Hmmm… I don’t think so, they say.
No no no, this is not a case of what you think or I think. This is a case of facts. Scientifically proven facts! Science! You know?
About half our friends present that night have had malaria. One is recovering from the highly dangerous, and often deadly, cerebral malaria. He is 20 pounds lighter than he was three months ago.
* * *
We are cruising down an embassy-lined street when we see a child sprawled unnaturally on the wide sidewalk. This is not a place to sleep.
That doesn’t look right, I say. Turn around.
We go around the block and come back. We put on the hazard lights and drive partially onto the sidewalk so speeding cars won’t hit us.
I go to him and try to wake him. His fingers have loosened their grasp on an empty bag of Samba chips, which lies maybe six inches from his open hand. Crumbs speckle his face.
Amigo! I say. Tudo bem?
He doesn’t move or open his eyes.
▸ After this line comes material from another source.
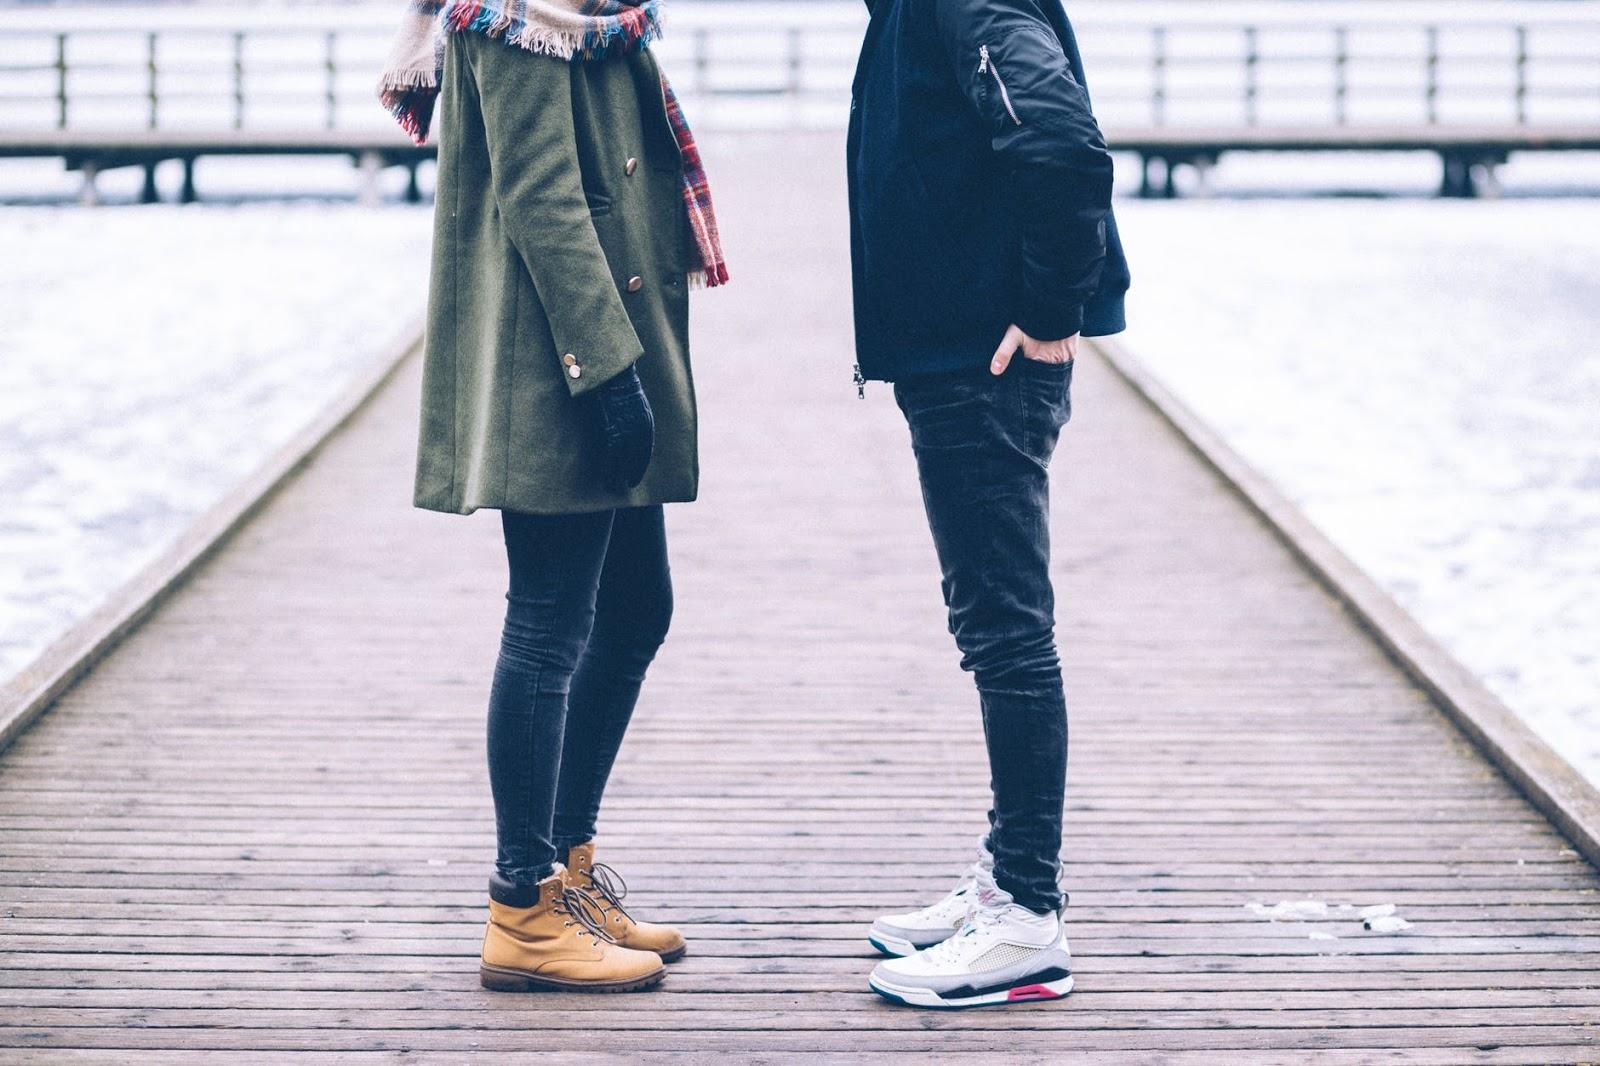 Kata Nembak Pacar Paling Romantis 72

I touch his arm, give it a little shake, speak louder. His eyes flutter and again seal shut.
What’s wrong? I ask. No response. I cast a worried look back at M in the car.
Are you OK? I shout at the kid. The slightest nod. Are you sleeping? Are you just tired? The slightest nod, again. His mouth is slightly open.
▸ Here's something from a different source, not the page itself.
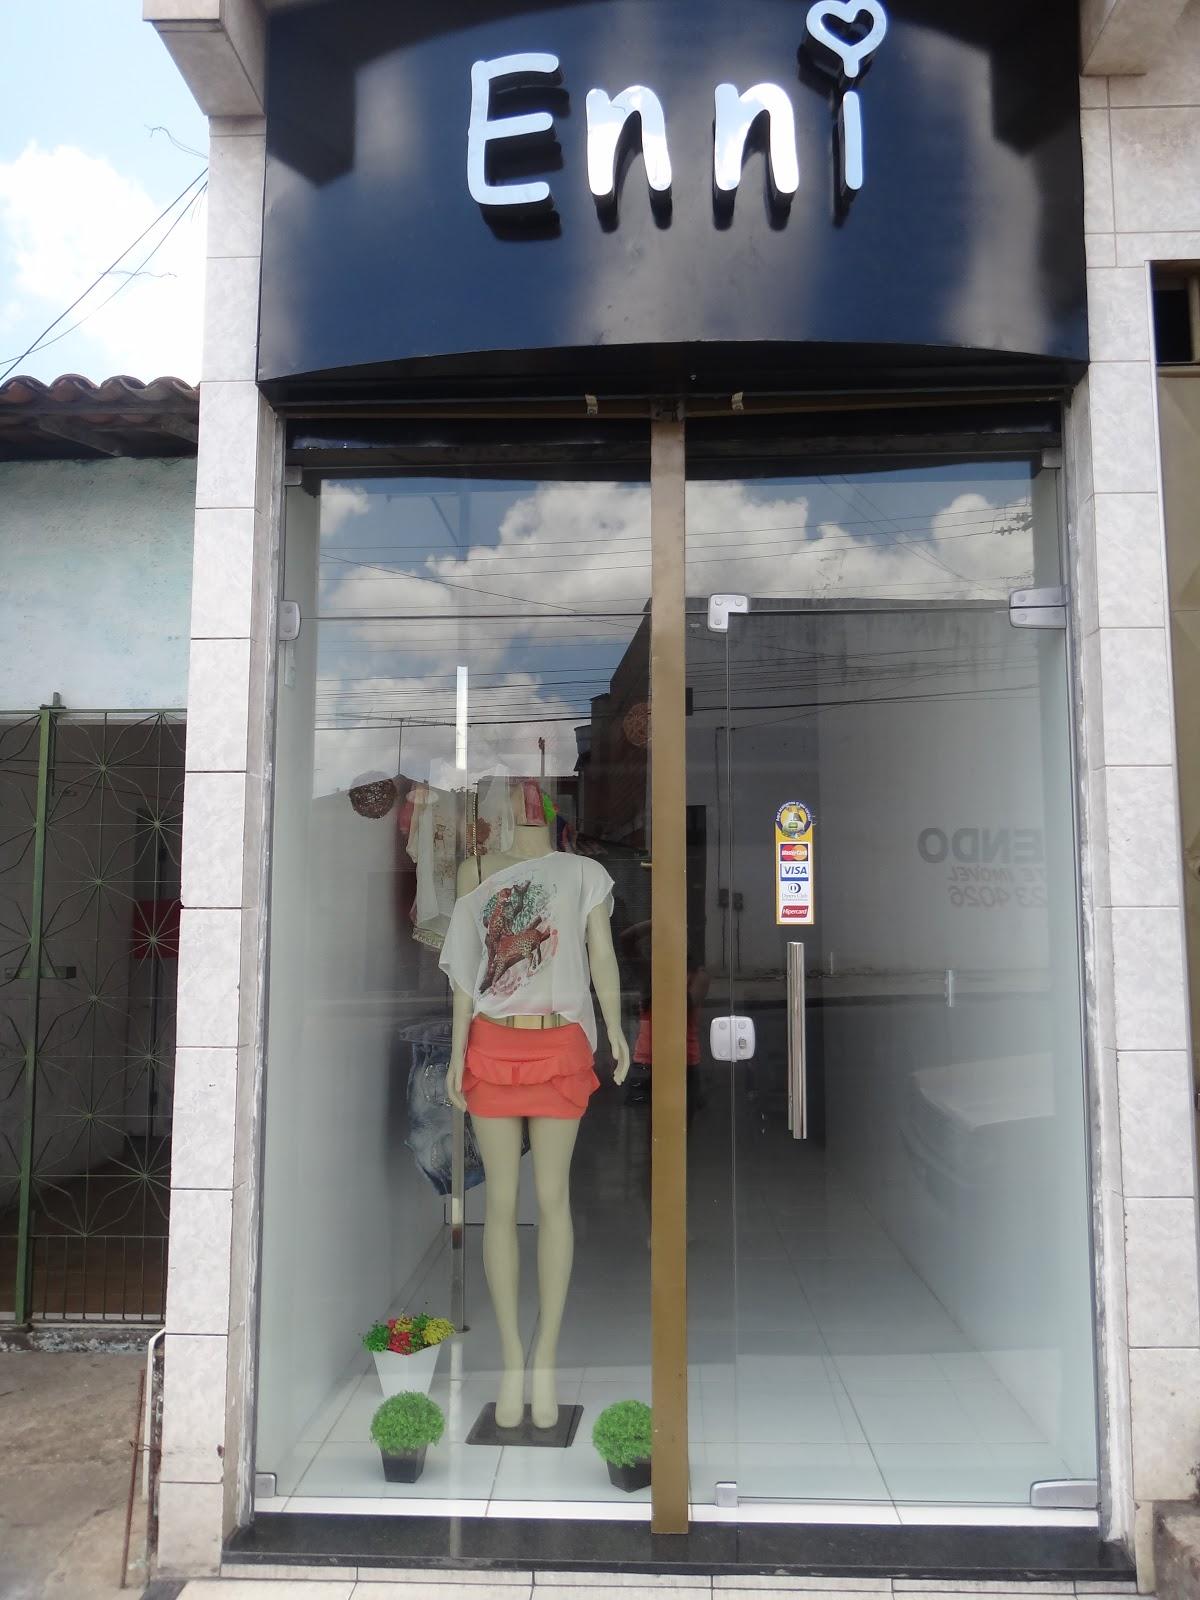 Suficiente enni, roupas e acessórios.: Fachada da loja . PB47

Do you need help? No. Are you sure?
I return to the car. We do another loop to check on him again because I can’t shake the feeling that I should do… something. After we loop around, he is no longer there.
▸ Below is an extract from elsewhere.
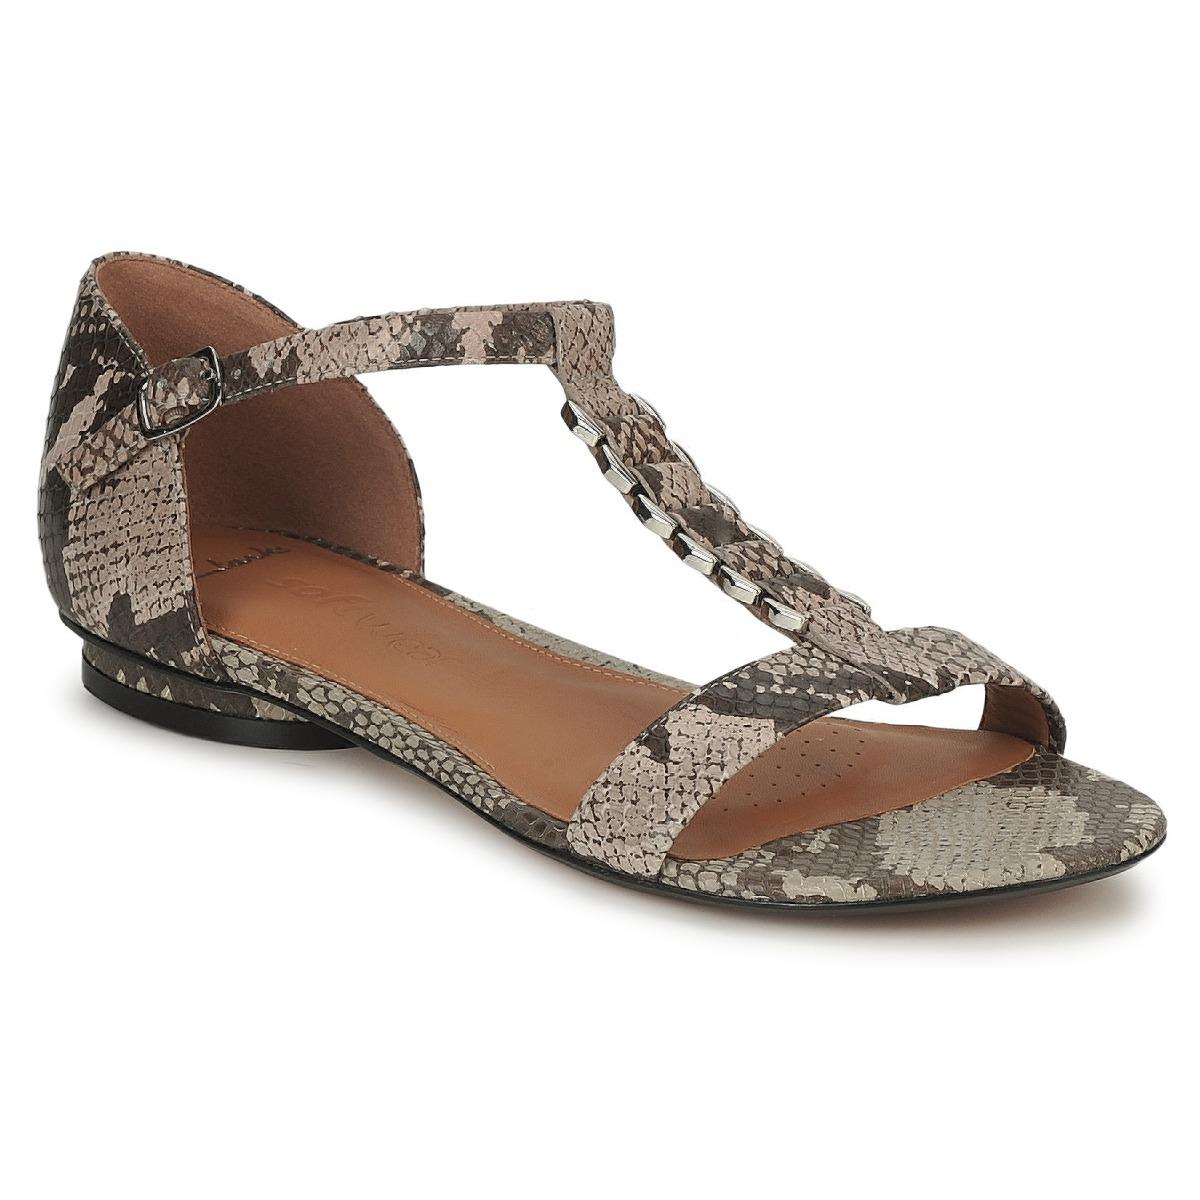 Topshop White Snakeskin Shoes

I keep looking back over my shoulder as we drive away. We are headed to meet our friends for lunch by the gleaming pool overlooking the Indian Ocean at the Southern Sun hotel.
* * *
The girl. The girl the girl the girl.
Why? How? Why? Still.
* * *
So here we are. We’re back in the States, which I guess is about as close as we can come to a definition of “home.” And now I realize that reverse culture shock is real and lonely, and working through it is a longer and slower process than I anticipated.
In the weeks immediately following our return, exactly one person asked us about our time in Mozambique. One. I had already shared many thoughts and stories and posts with many people over the year, so I don’t want people reading this post to think I’m criticizing them for not grilling me about our experience. I’m talking about people we hadn’t seen or talked to in all that time. They didn’t ask. I guess they didn’t wonder. I don’t want anyone to think that we should lead group discussions at dinner parties, but I can’t imagine not being curious enough to ask someone, “what was it like?”
But what they can’t know is the same thing I couldn’t have known a year ago: just how much our time as expats — constantly faced with disorienting dilemmas to which there is no simple solution — would permanently change us.
On more than one occasion, someone said something like, “Wow, I bet you’re glad that’s over.” But they hadn’t asked, and we hadn’t told them, about any of it yet; the statement was their conversation starter and ender, all in one. Glad that’s over. What is that, exactly? What do they think is over?
The funny thing, of course, is that they were right. The funnier thing is that they were right for all the wrong reasons.
* * *
Reverse culture shock is understanding that we have changed, and although we embrace this change, it has in some ways further isolated us. It’s also the intense discomfort of comfort, and then, rather quickly, the comfort of comfort. Some days I feel utter delight at and appreciation for all of the comforts that surround me. Other days I take them entirely for granted.
Still, I miss our friends. I miss the sight of the South African Lowveld. I miss the sense that my brain is on fire from all the learning. As obvious outsiders, we were free to observe, explore, and learn — my most comfortable mode. Here, the sense of foreignness I feel isn’t evident to others, which somehow only intensifies it.
Maybe for some people, reverse culture shock solidifies, clarifies. But for me, it’s the continuation of a process in which greyness continues pervading anything that had remained black or white. Certainty has made itself scarcer.